Prince Harry’s youthful indiscretions, analyzed

Prince Harry is Radar magazine’s September cover story, where the life of the 22-year-old fit prince is revealed, his rowdy lifestyle and his military career analyzed.

Flying in the face of threats from Al-Qaeda, he fought to serve with his elite Blues and Royals unit, the magazine reports he even drew up a will dispersing his multi-million-dollar estate.

Radar reports that “before Harry was to ship out to Iraq, Sir Richard Dannatt, who heads up the British Army, personally phoned the prince to inform him that his six-month deployment had been canceled.”

Disappointed, the magazine details the parties that ensued the let down.  Harry allegedly partied at the Syndicate, a Bristol club renowned for its Ecstasy-fueled environment.
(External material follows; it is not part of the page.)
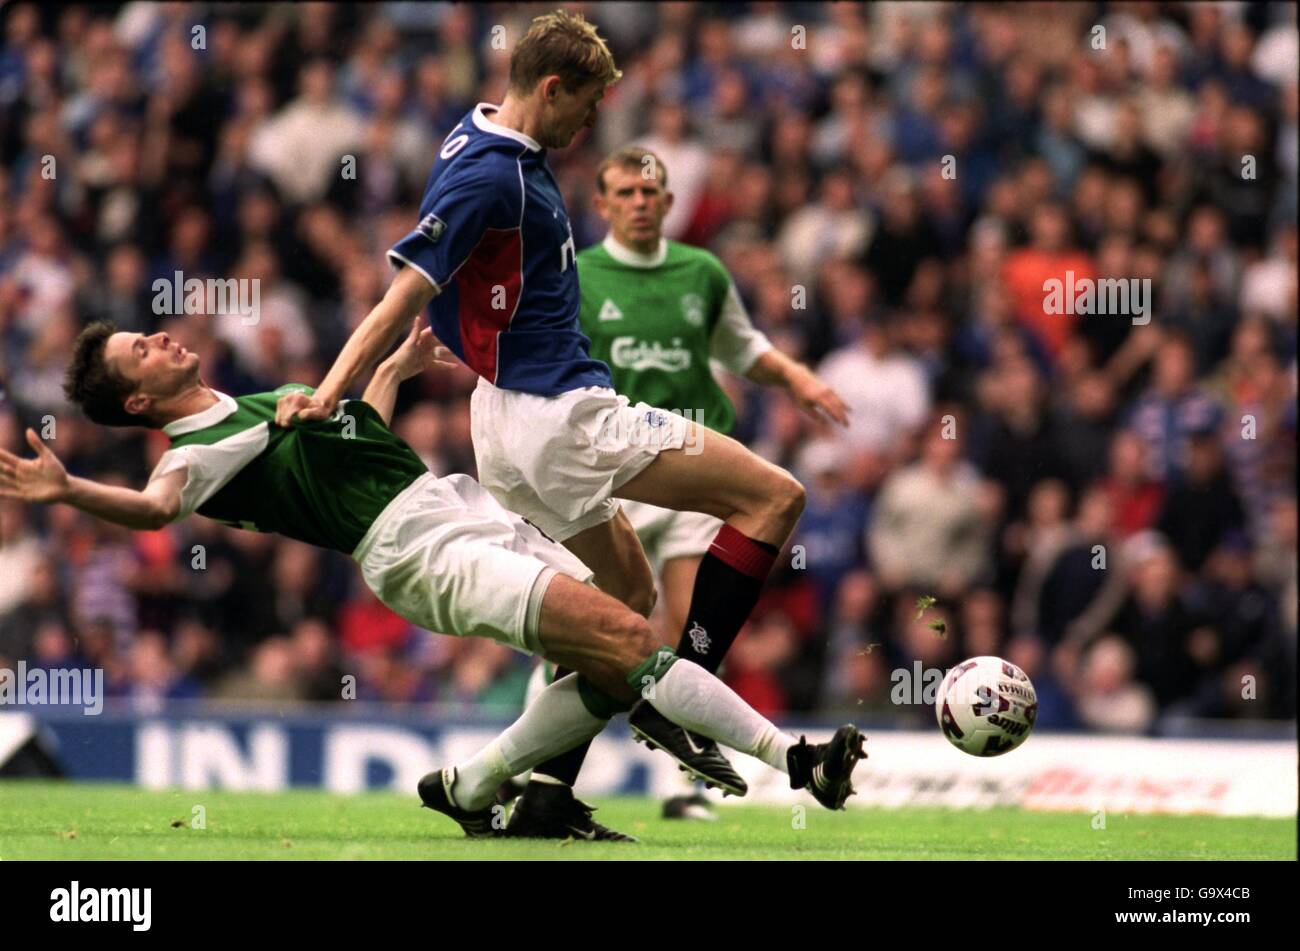 Scottish Soccer - Bank of Scotland Premier League - Rangers v Hibernian. Rangers' Tore Andre Flo (r) holds off Hibernian's Paul Fenwick (l) Stock Photo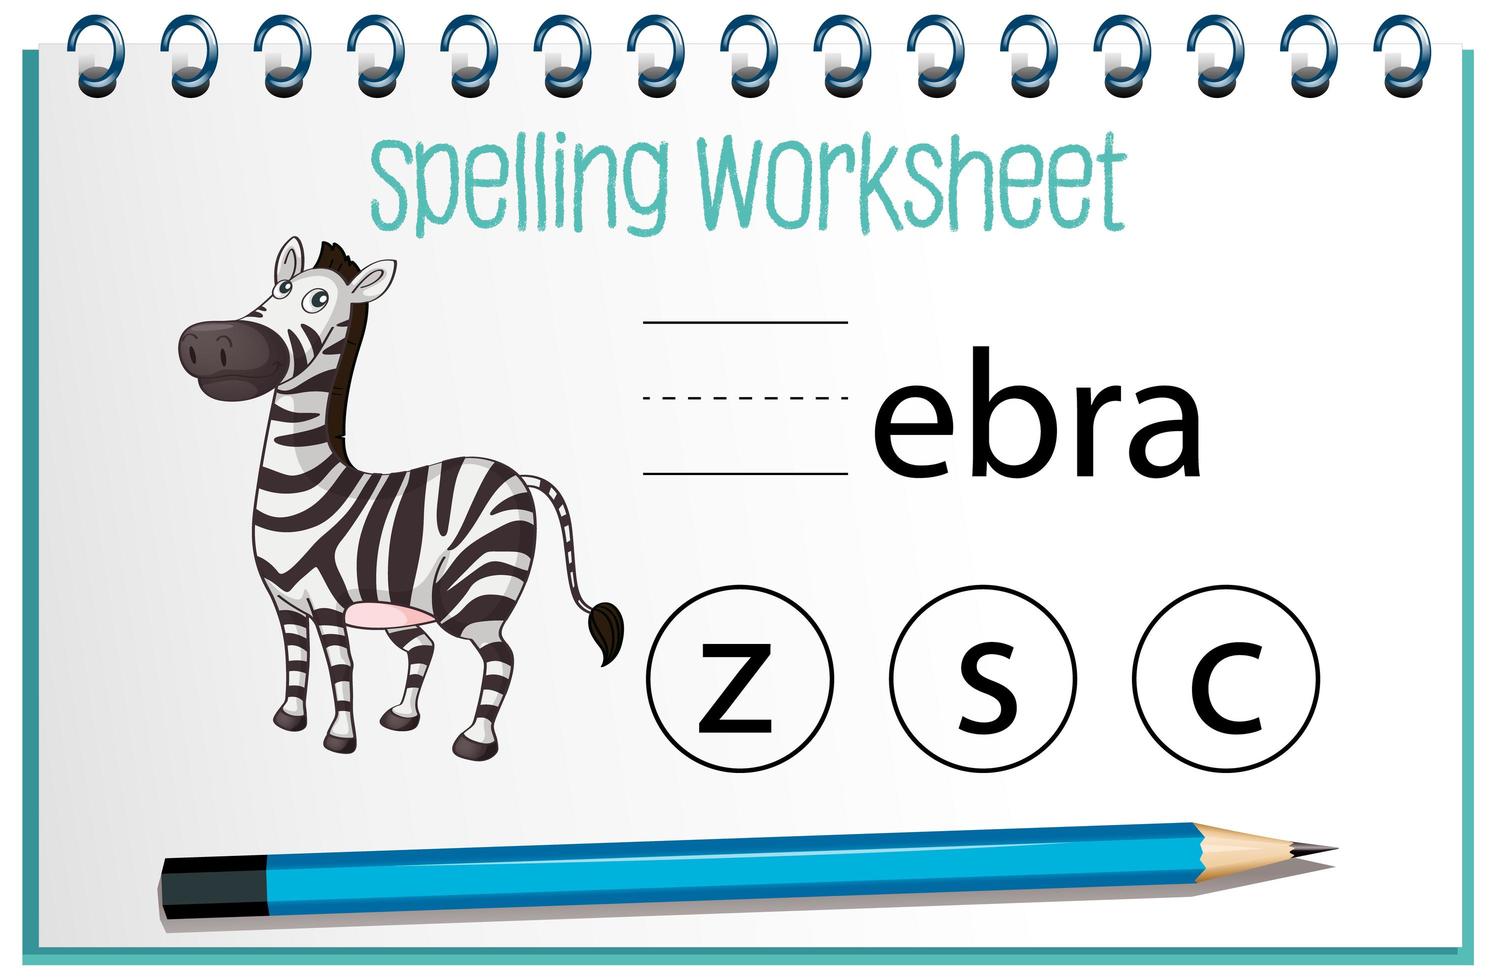 Find missing letter with zebra vector

Radar writes: “Spend any time near Prince Harry in a social setting and it’s easy to see where his ‘wild child’ reputation comes from. He annually attends the nightclub Chinawhite’s Rock the Polo tent party—held for 3,000 revelers in late July after the Cartier International Polo event at Windsor Park—looking like Jeff Spicoli in an Evelyn Waugh novel.

Three years ago, dressed in his Maxim-approved attire of jeans and a baseball cap, he chucked Red Bull cans at his friends, screamed along to the Beastie Boys’ ‘Fight for Your Right,’ then went atop a platform to kiss a girl who was celebrating her bachelorette party. Harry, according to Radar, was so exhausted at the end of another event that he wound up slumped on a 20-foot pile of water bottles in the VIP area.”

The magazine writes that Harry’s bodyguards spend much of their time intercepting bar patrons who may be offering Harry Ecstasy.  A close friend of Harry’s tells Radar that the prince was ordered to clean up his act earlier in the year by senior royal courtiers and army superiors in his Blues and Royals regiment. “They got fed up at the number of late-night confrontations he was having with photographers outside Boujis,” the friend says, recalling a particularly bad night in March when a ruddy-faced Harry lashed out at a cameraman before stumbling into a gutter outside the nightclub.

Late nights in clubs, Royal family distress and becoming an easy mark for a terrorist who could easily target a favorite haunt of the Prince are creating a more careful and discreet Harry, allegedly.

No longer a denizen of Boujis, Radar claims these days “the royal posse is likely to be found at Mahiki, a kitschy watering hole where one of the princes’ most loyal friends, Guy Pelly, serves as marketing manager. Mahiki’s trademark drink, the Treasure Chest, is a $200 concoction of brandy, peach liqueur, and champagne meant for a party of eight; Harry has been known to down one by himself in a single sitting.”

Other hotspots to find Harry include Azteca, according to Radar.

The magazine claims despite his recent efforts to appear respectable, some royal watchers remain skeptical that Harry will ever really reform. “The royal family does what they want, and the PR man faces the consequences,” says Robert Jobson, the Evening Standard’s Royal Correspondent. “Every time Harry takes two steps forward, his character takes him three steps back.”